--- ACTIVITY ---
From the data below, return the exact lines starting at the line containing "Giacca abbottonata con" and ending at the line containing "Magdalena Neuner, die", both included, and nothing else.

[SOURCE MATERIAL Boundary: Start]

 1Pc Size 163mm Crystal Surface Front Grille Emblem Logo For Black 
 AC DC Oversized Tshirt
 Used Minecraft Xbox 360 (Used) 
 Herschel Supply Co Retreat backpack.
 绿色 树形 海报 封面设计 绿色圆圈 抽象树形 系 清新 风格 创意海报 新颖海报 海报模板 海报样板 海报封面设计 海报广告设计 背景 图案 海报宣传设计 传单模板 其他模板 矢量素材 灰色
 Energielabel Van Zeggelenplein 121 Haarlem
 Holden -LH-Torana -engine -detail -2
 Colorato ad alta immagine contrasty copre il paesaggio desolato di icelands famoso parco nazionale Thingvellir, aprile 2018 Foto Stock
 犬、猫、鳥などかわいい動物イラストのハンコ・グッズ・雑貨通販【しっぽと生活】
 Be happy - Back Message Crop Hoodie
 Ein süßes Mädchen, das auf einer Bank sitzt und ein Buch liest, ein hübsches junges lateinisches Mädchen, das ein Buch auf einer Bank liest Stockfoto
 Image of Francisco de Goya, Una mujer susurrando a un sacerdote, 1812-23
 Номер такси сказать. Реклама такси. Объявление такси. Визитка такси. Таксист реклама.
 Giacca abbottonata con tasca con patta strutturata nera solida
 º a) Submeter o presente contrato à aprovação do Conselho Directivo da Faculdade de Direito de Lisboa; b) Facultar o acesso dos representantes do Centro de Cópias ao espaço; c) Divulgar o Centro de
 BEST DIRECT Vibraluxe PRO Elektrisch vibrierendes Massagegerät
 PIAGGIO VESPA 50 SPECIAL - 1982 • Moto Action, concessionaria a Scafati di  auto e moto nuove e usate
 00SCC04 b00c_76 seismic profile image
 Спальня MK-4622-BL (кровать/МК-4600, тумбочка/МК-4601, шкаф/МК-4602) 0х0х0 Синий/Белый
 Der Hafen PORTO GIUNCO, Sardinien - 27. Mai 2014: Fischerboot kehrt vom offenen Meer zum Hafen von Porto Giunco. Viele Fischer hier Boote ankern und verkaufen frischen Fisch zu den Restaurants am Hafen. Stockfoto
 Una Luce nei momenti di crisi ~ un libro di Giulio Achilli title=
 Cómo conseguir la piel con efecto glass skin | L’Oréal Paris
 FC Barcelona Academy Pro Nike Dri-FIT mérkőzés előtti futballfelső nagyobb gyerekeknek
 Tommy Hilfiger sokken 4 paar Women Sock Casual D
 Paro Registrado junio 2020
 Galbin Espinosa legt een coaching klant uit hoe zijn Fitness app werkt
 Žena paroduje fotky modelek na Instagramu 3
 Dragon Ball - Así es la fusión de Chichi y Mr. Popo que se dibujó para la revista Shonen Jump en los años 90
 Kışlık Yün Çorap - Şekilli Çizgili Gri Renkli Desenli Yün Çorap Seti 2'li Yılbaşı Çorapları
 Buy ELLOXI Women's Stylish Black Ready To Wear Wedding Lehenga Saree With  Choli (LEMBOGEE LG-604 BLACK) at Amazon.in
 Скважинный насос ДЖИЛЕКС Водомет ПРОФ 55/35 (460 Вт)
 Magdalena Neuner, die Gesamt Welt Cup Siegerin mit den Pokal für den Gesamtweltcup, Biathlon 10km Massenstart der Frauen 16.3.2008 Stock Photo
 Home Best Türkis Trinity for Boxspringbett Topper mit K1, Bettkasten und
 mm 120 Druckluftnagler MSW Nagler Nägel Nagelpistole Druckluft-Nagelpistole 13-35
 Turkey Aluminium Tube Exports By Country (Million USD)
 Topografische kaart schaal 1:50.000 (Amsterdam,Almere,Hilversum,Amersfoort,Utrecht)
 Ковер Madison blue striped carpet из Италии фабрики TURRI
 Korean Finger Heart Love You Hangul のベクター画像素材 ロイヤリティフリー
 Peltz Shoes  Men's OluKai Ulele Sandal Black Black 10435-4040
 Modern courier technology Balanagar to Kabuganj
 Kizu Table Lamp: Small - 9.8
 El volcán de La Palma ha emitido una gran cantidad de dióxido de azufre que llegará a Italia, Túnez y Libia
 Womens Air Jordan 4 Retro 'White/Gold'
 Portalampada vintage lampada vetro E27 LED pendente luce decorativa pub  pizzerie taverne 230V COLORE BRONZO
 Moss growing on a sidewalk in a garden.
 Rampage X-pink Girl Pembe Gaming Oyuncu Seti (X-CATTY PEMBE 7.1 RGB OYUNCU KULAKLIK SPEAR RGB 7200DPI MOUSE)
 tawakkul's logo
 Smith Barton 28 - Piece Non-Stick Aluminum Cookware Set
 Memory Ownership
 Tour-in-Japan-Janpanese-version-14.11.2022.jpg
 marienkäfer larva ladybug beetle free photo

[SOURCE MATERIAL Boundary: End]

--- COMPLETED EXERCISE ---
 Giacca abbottonata con tasca con patta strutturata nera solida
 º a) Submeter o presente contrato à aprovação do Conselho Directivo da Faculdade de Direito de Lisboa; b) Facultar o acesso dos representantes do Centro de Cópias ao espaço; c) Divulgar o Centro de
 BEST DIRECT Vibraluxe PRO Elektrisch vibrierendes Massagegerät
 PIAGGIO VESPA 50 SPECIAL - 1982 • Moto Action, concessionaria a Scafati di  auto e moto nuove e usate
 00SCC04 b00c_76 seismic profile image
 Спальня MK-4622-BL (кровать/МК-4600, тумбочка/МК-4601, шкаф/МК-4602) 0х0х0 Синий/Белый
 Der Hafen PORTO GIUNCO, Sardinien - 27. Mai 2014: Fischerboot kehrt vom offenen Meer zum Hafen von Porto Giunco. Viele Fischer hier Boote ankern und verkaufen frischen Fisch zu den Restaurants am Hafen. Stockfoto
 Una Luce nei momenti di crisi ~ un libro di Giulio Achilli title=
 Cómo conseguir la piel con efecto glass skin | L’Oréal Paris
 FC Barcelona Academy Pro Nike Dri-FIT mérkőzés előtti futballfelső nagyobb gyerekeknek
 Tommy Hilfiger sokken 4 paar Women Sock Casual D
 Paro Registrado junio 2020
 Galbin Espinosa legt een coaching klant uit hoe zijn Fitness app werkt
 Žena paroduje fotky modelek na Instagramu 3
 Dragon Ball - Así es la fusión de Chichi y Mr. Popo que se dibujó para la revista Shonen Jump en los años 90
 Kışlık Yün Çorap - Şekilli Çizgili Gri Renkli Desenli Yün Çorap Seti 2'li Yılbaşı Çorapları
 Buy ELLOXI Women's Stylish Black Ready To Wear Wedding Lehenga Saree With  Choli (LEMBOGEE LG-604 BLACK) at Amazon.in
 Скважинный насос ДЖИЛЕКС Водомет ПРОФ 55/35 (460 Вт)
 Magdalena Neuner, die Gesamt Welt Cup Siegerin mit den Pokal für den Gesamtweltcup, Biathlon 10km Massenstart der Frauen 16.3.2008 Stock Photo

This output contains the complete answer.